Cutting Room: MTR cuts only a step in evolution of market


Ofcom’s proposal to slash mobile termination rates (MTRs) is hard for the big four network operators to bear, given they find themselves under intense margin pressure already. But, in the broader scheme, their talk of it suffocating market innovation and killing consumer choice is over-egged.

The proposed rate cut is enormous, from 4.4p to 0.5p by 2015 with staggered reductions in the intervening period. Orange was most outspoken in its objections to the proposal, and will be hammered worst now its joint venture with T-Mobile in the UK is confirmed. But its points about such legislation enforcing change to the present industry model are shared by Vodafone and O2 also.

It suggests, with some reason, considerable consumer value will be wiped from the prepay model, that handset subsidies will be slashed, that nefarious new calling models could be introduced to cover the shortfall, that 4G rollout will be hampered and Digital Britain will be undermined, and that technological pyrotechnics will be forcibly stubbed out by pauper operators.

Sounds scary, but its response is of course intended to hit Ofcom where it feels it most – as veiled threats to consumer wellbeing.

In fact, most of the above trends are already underway. The prepay market is declining, particularly as handset subsidies have been eliminated from SIM-only deals to enable a migration of the consumer market to contract.

Networks have been keen to explore some kind of break-up of the UK subsidy model for years, and have attempted to flex their muscle on the subject with most vendor brands. Of course, Apple put paid to that network/manufacturer power match – and even if it is a special case, Google has helped the struggle of weaker incumbent manufacturer brands with its Android platform.

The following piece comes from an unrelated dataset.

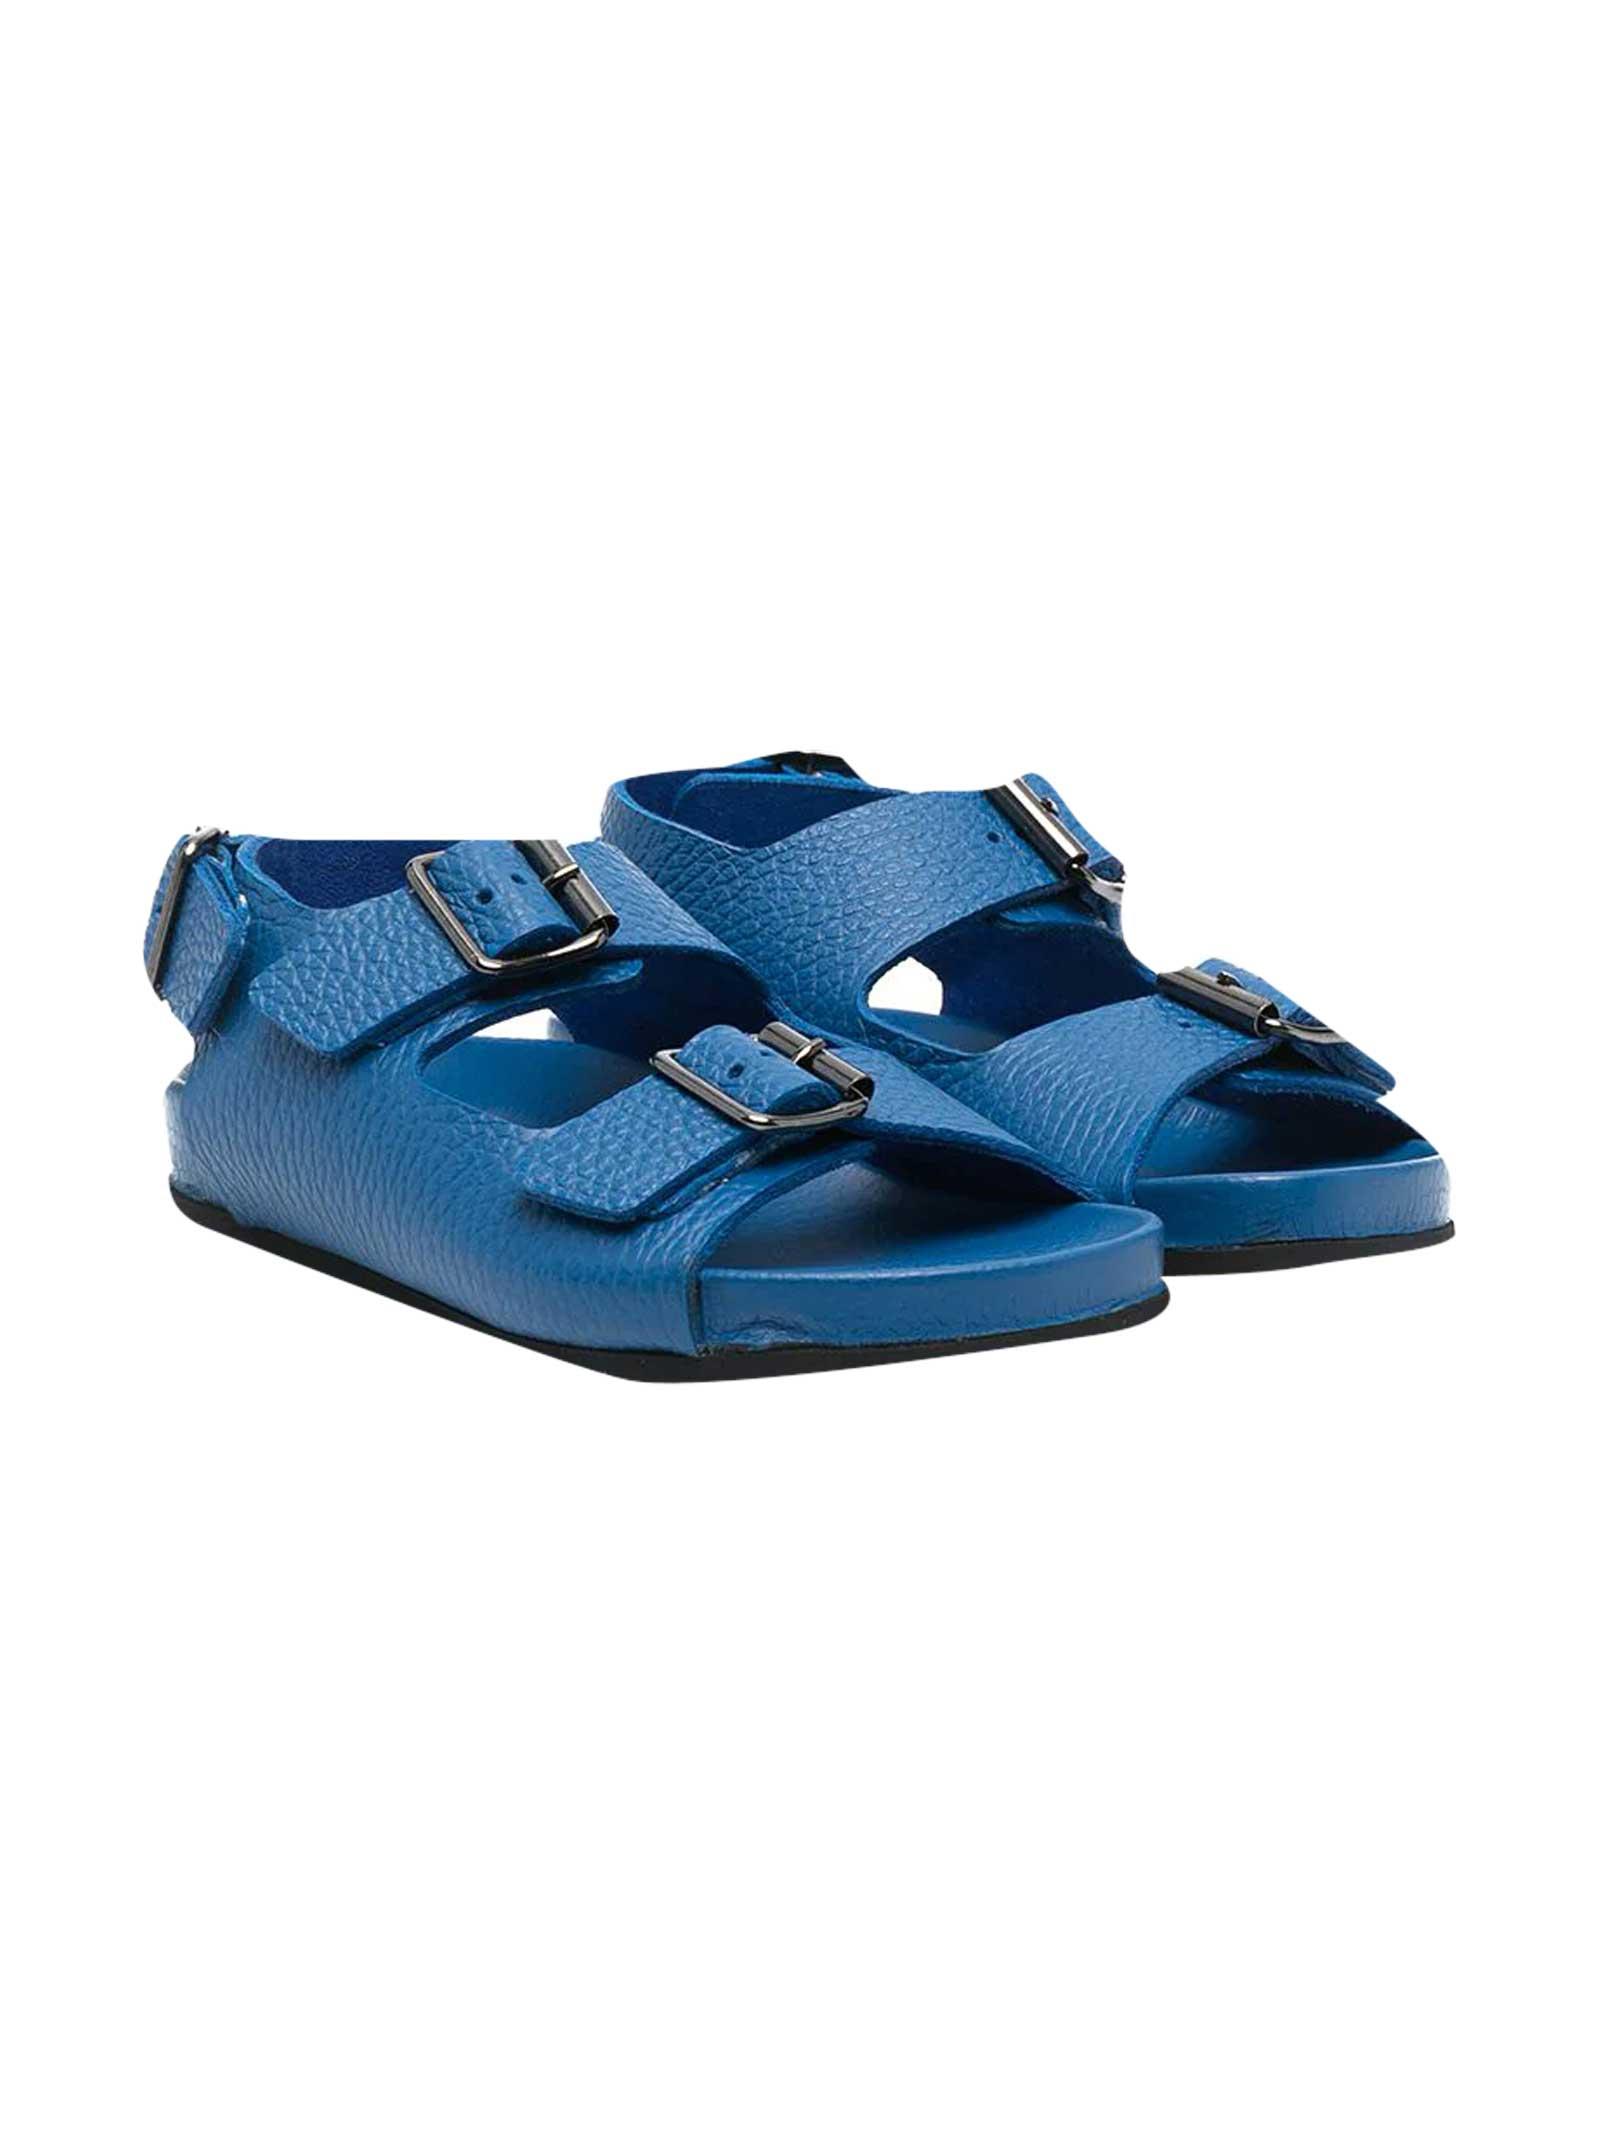 Blue Buckle Sandals

Yes, there are huge cultural barriers to overcome if the subsidy model is to be altered significantly. But SIM-only demonstrates the kind of innovation achievable with tariffs and sales models. Revenue share also.
The consumer has got it good, and will have it better. Competition is the UK market is so intense that it would be a brave, and probably stupid, operator to hike prices across the board to make up for the loss of revenue from termination rates.